• GIVEN INFORMATION:
--*--

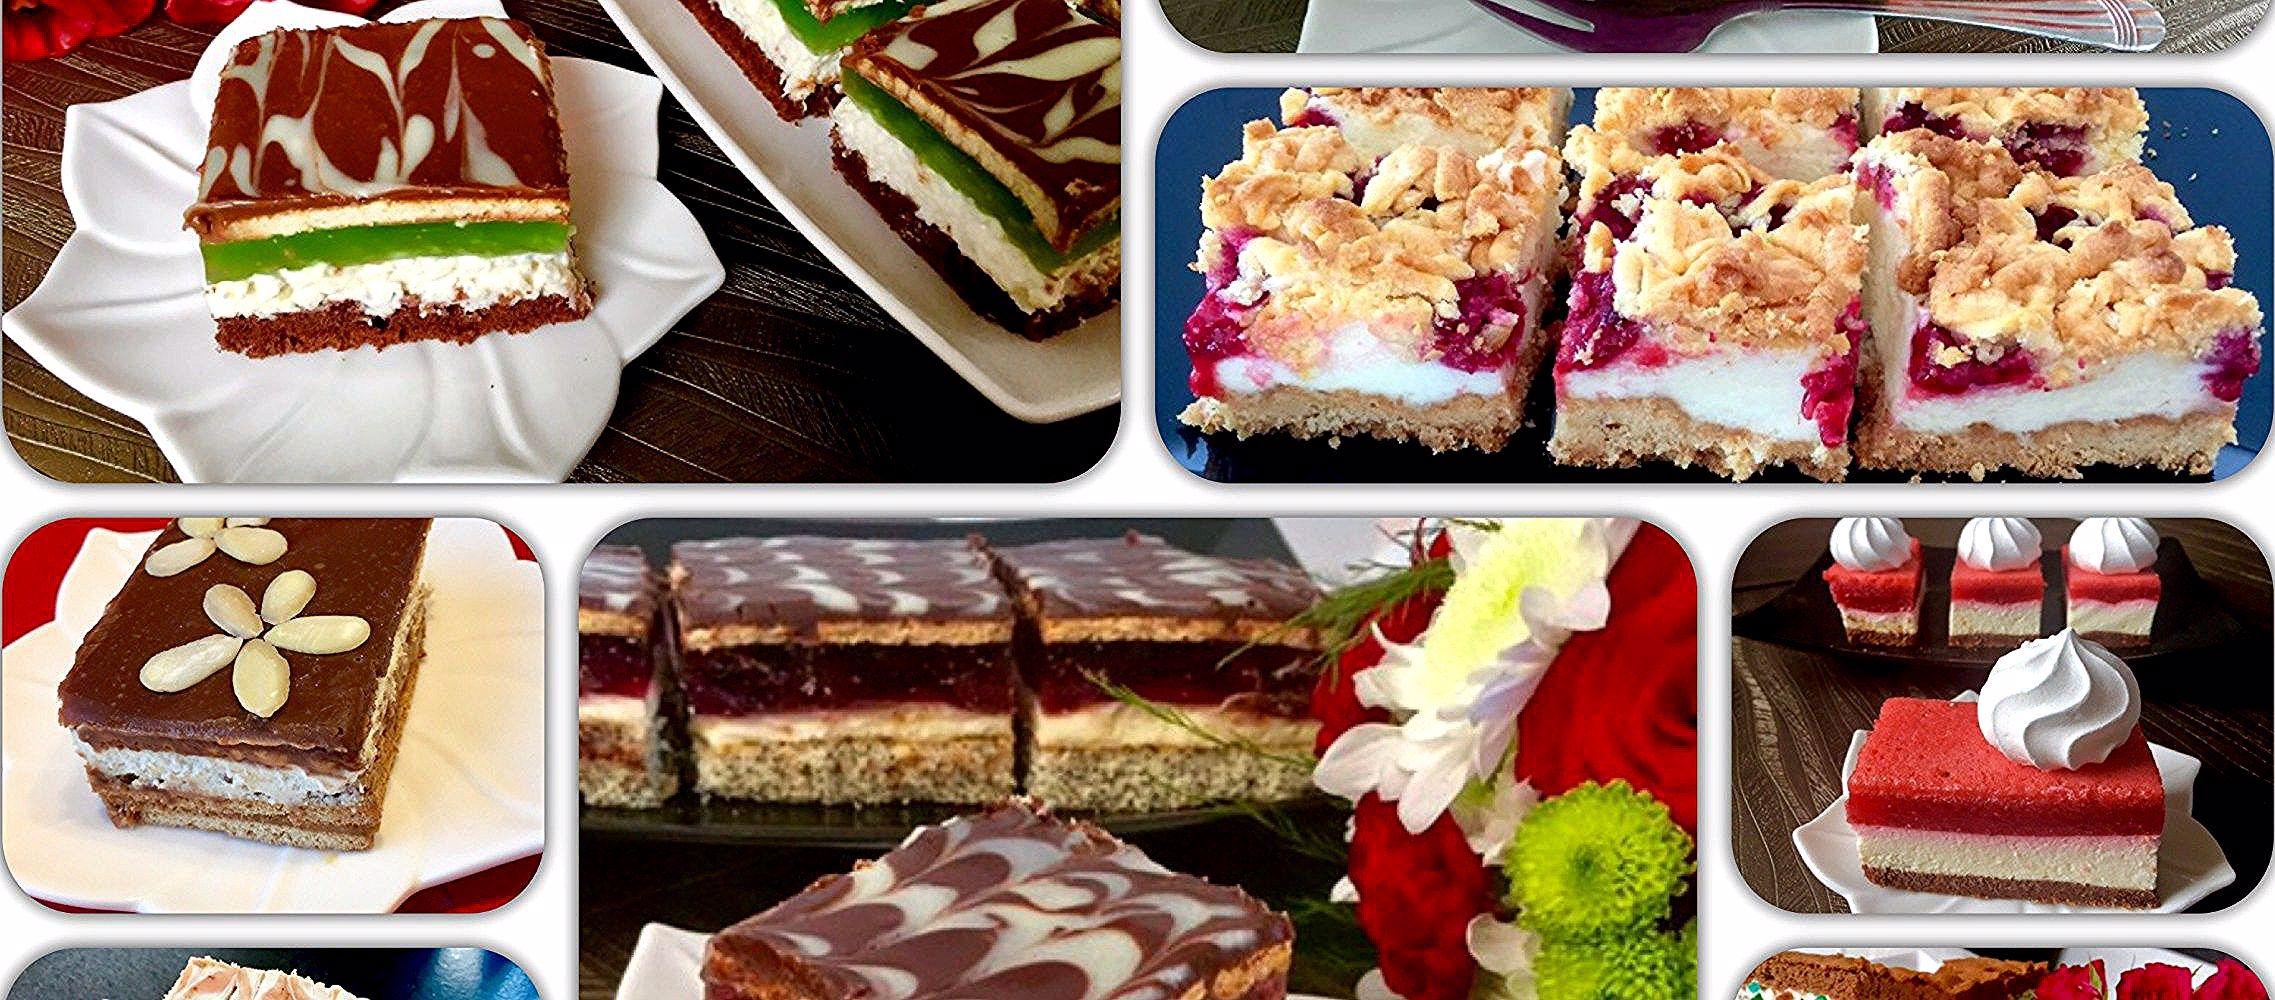 Sprawdzone Przepisy Na Smaczne I Zdrowe Potrawy Szybkie Dania Kuchnia Polska Kuchnia Meksykanska Kuchnia Wloska Zdrowa Kuchnia Ku Food Desserts Breakfast
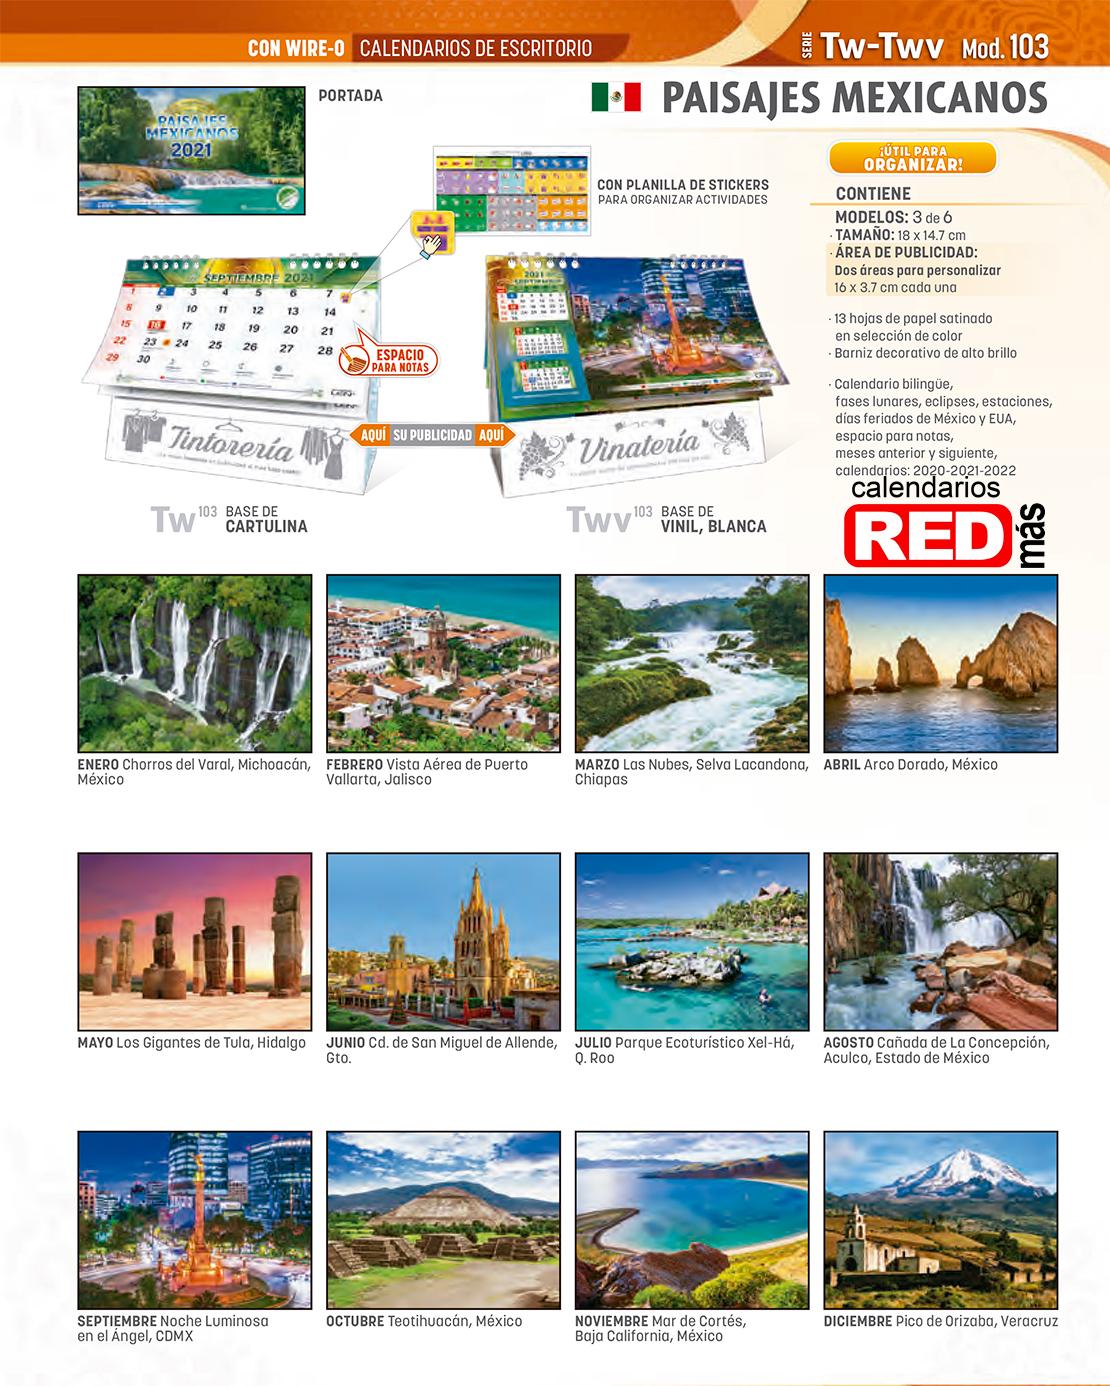 calendarios-len-2020-calendarios-red-calendarios-2020-Twv_003.jpg
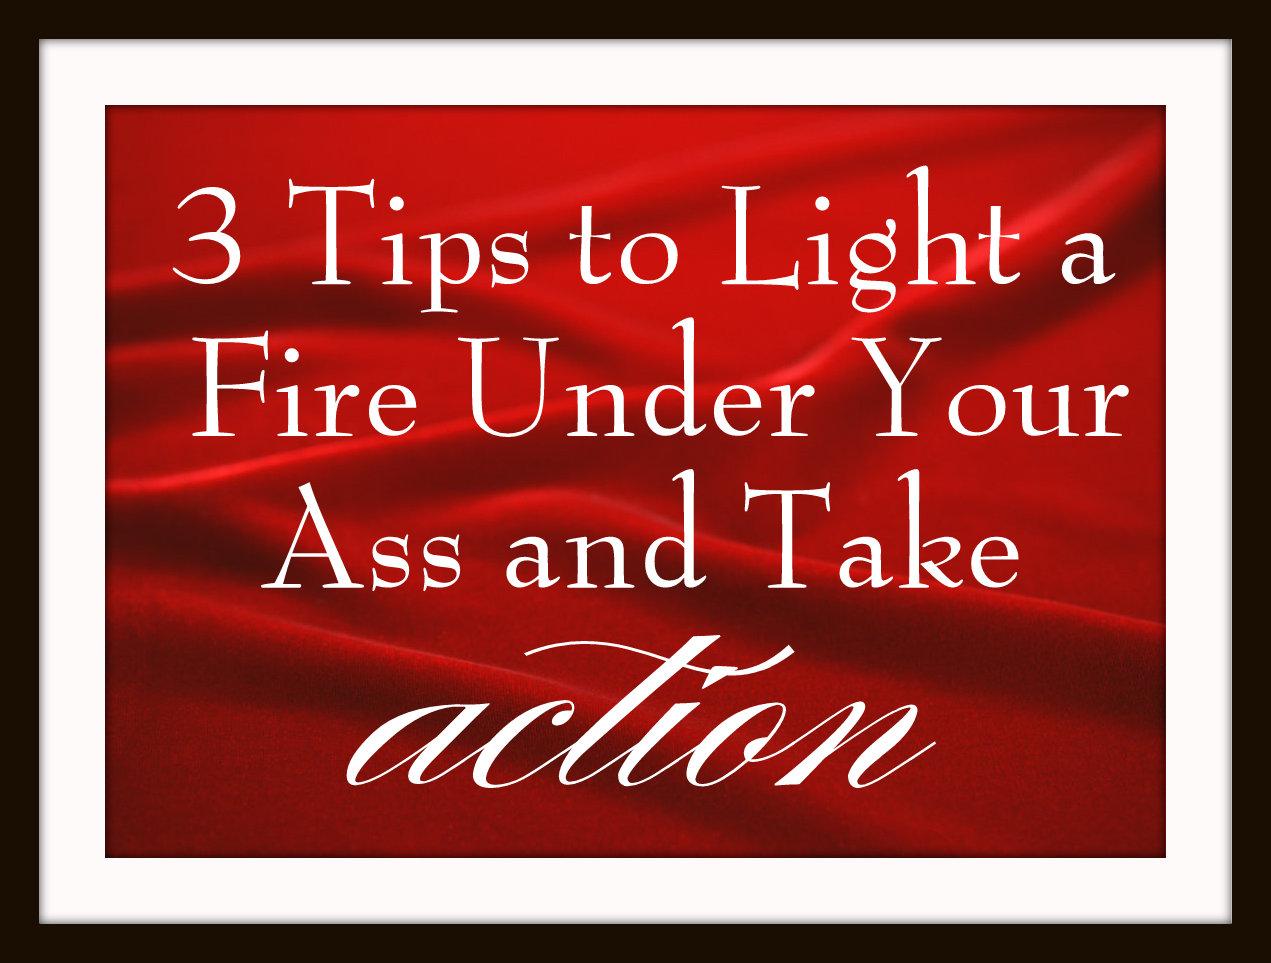 Take Action
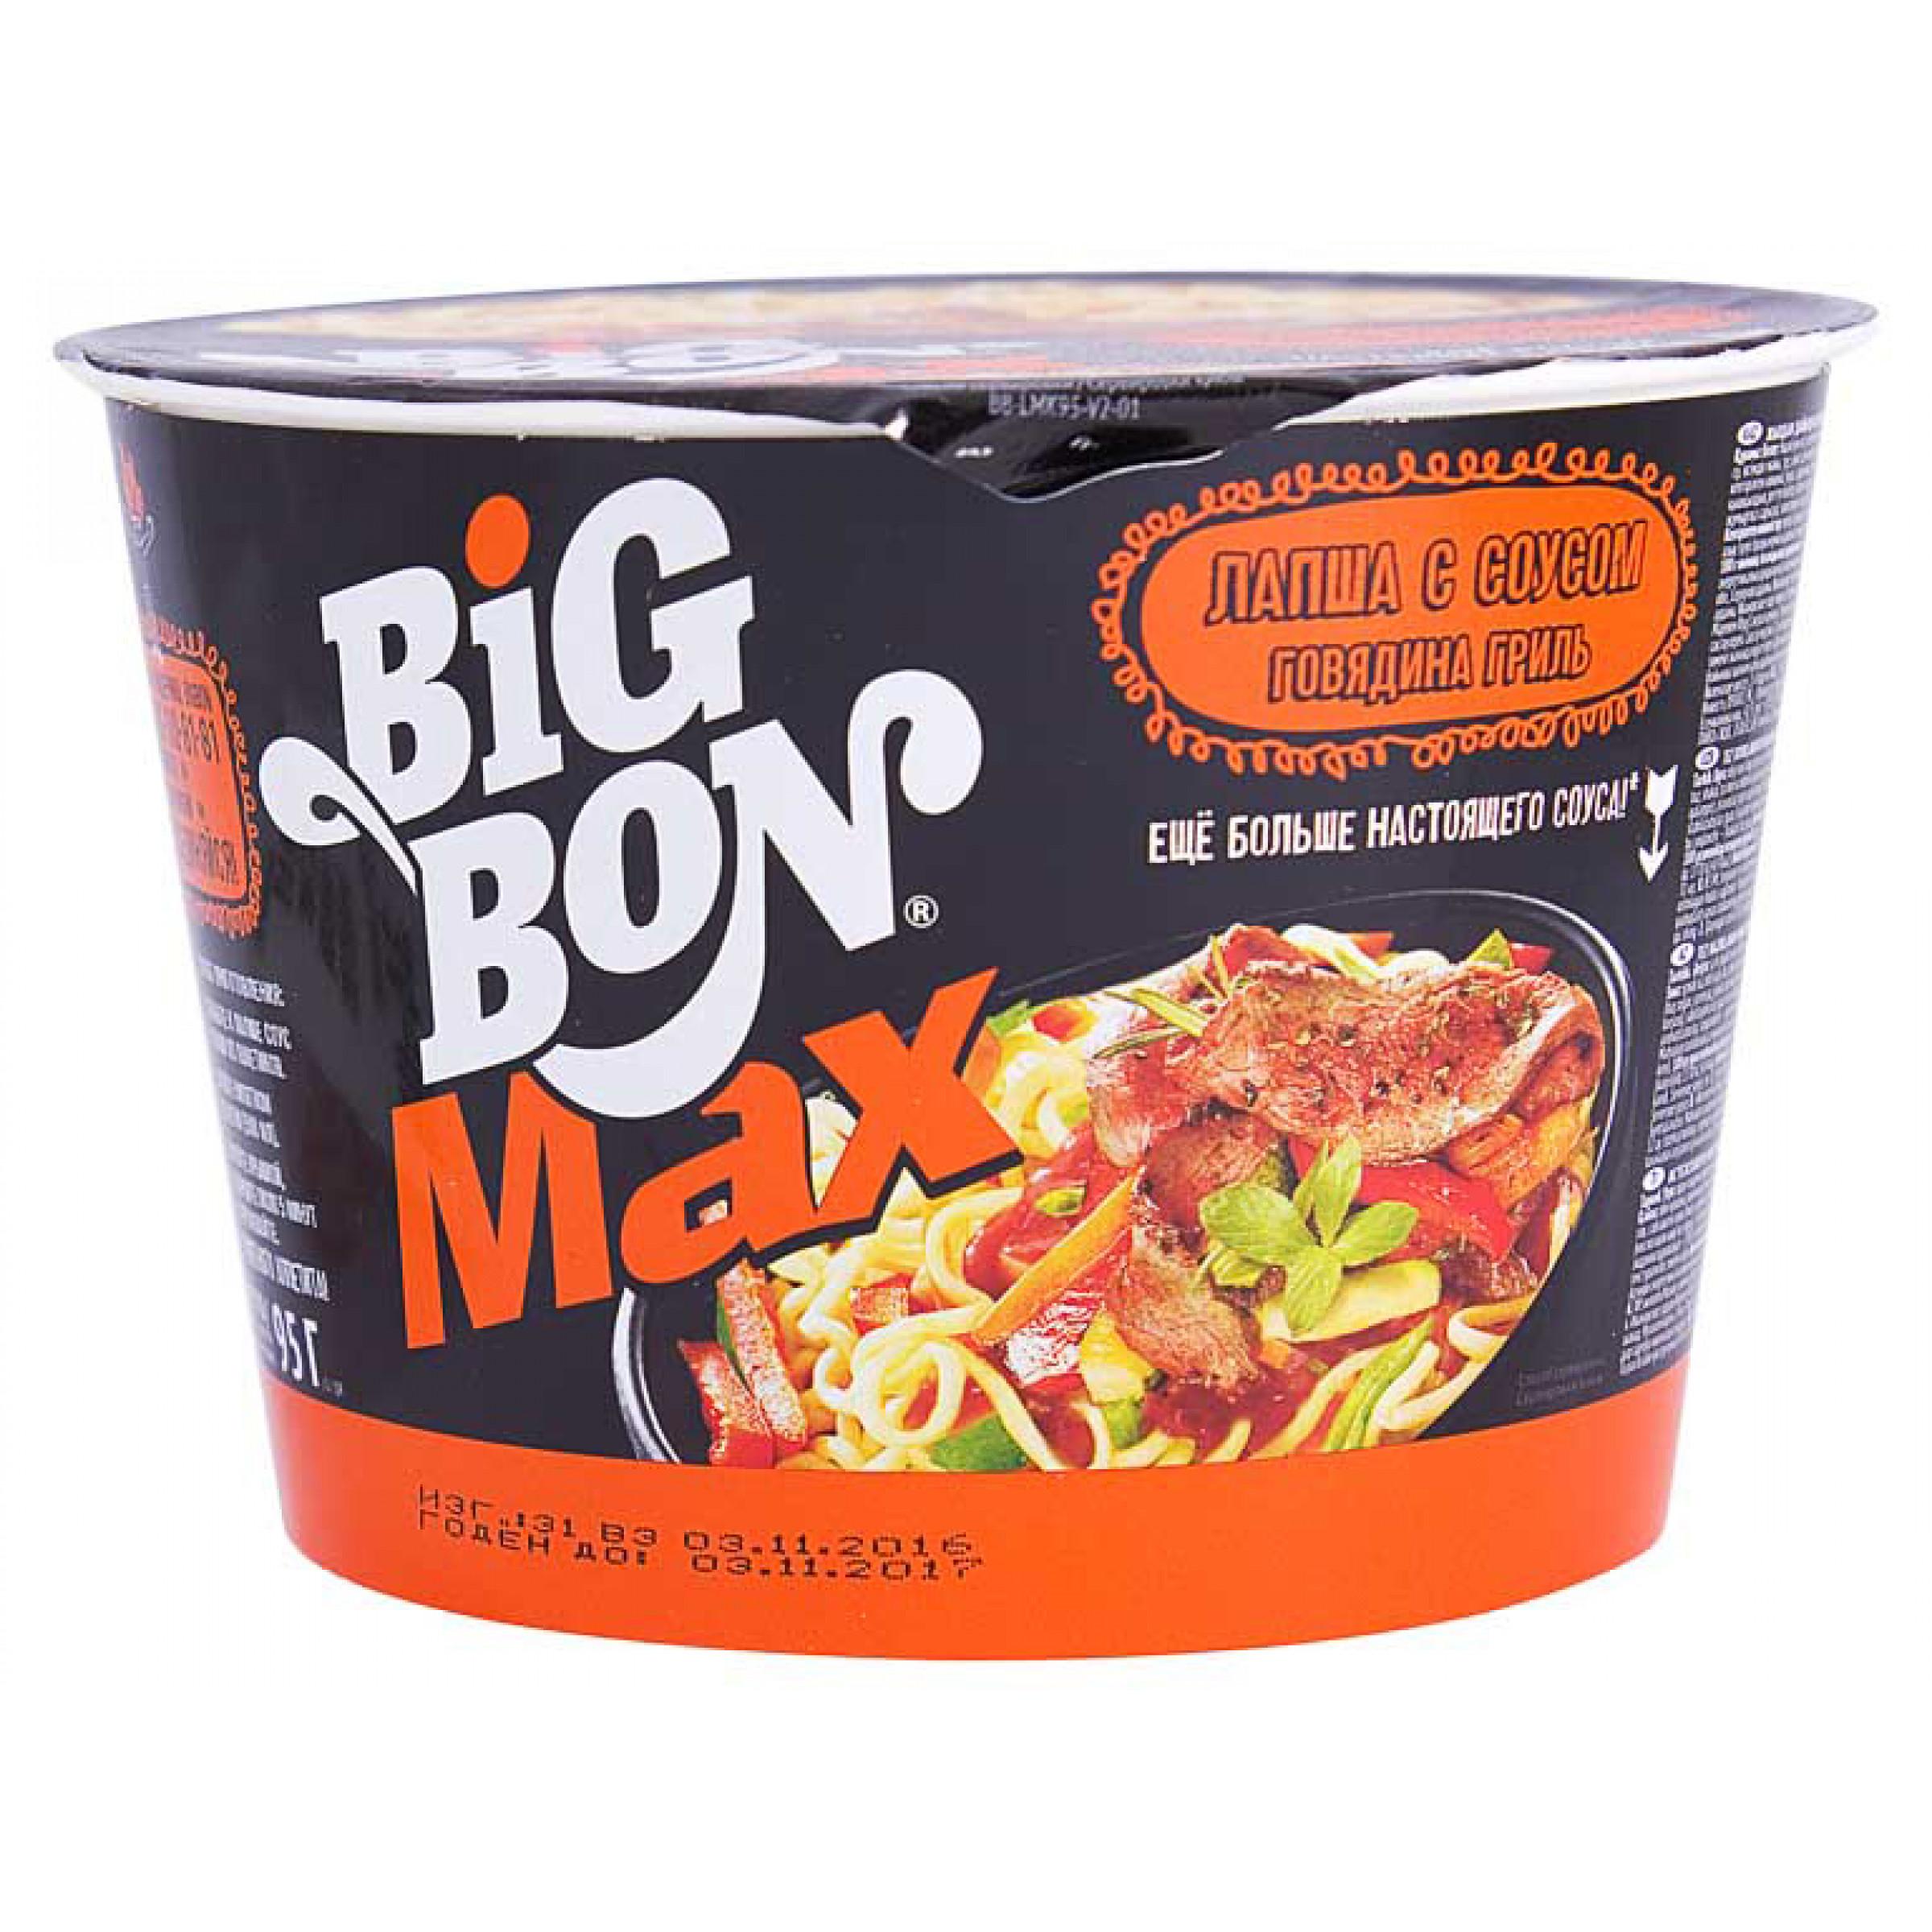 """Лапша """"BIG BON МАХ"""" с соусом и говядиной гриль, 95гр"""

--*--

• BRIEF:
The answer must repeat every line of the listing exactly and leave the pictures out.

• SOLUTION FOR THIS TASK:
 Sprawdzone Przepisy Na Smaczne I Zdrowe Potrawy Szybkie Dania Kuchnia Polska Kuchnia Meksykanska Kuchnia Wloska Zdrowa Kuchnia Ku Food Desserts Breakfast
 calendarios-len-2020-calendarios-red-calendarios-2020-Twv_003.jpg
 Take Action
 """Лапша """"BIG BON МАХ"""" с соусом и говядиной гриль, 95гр"""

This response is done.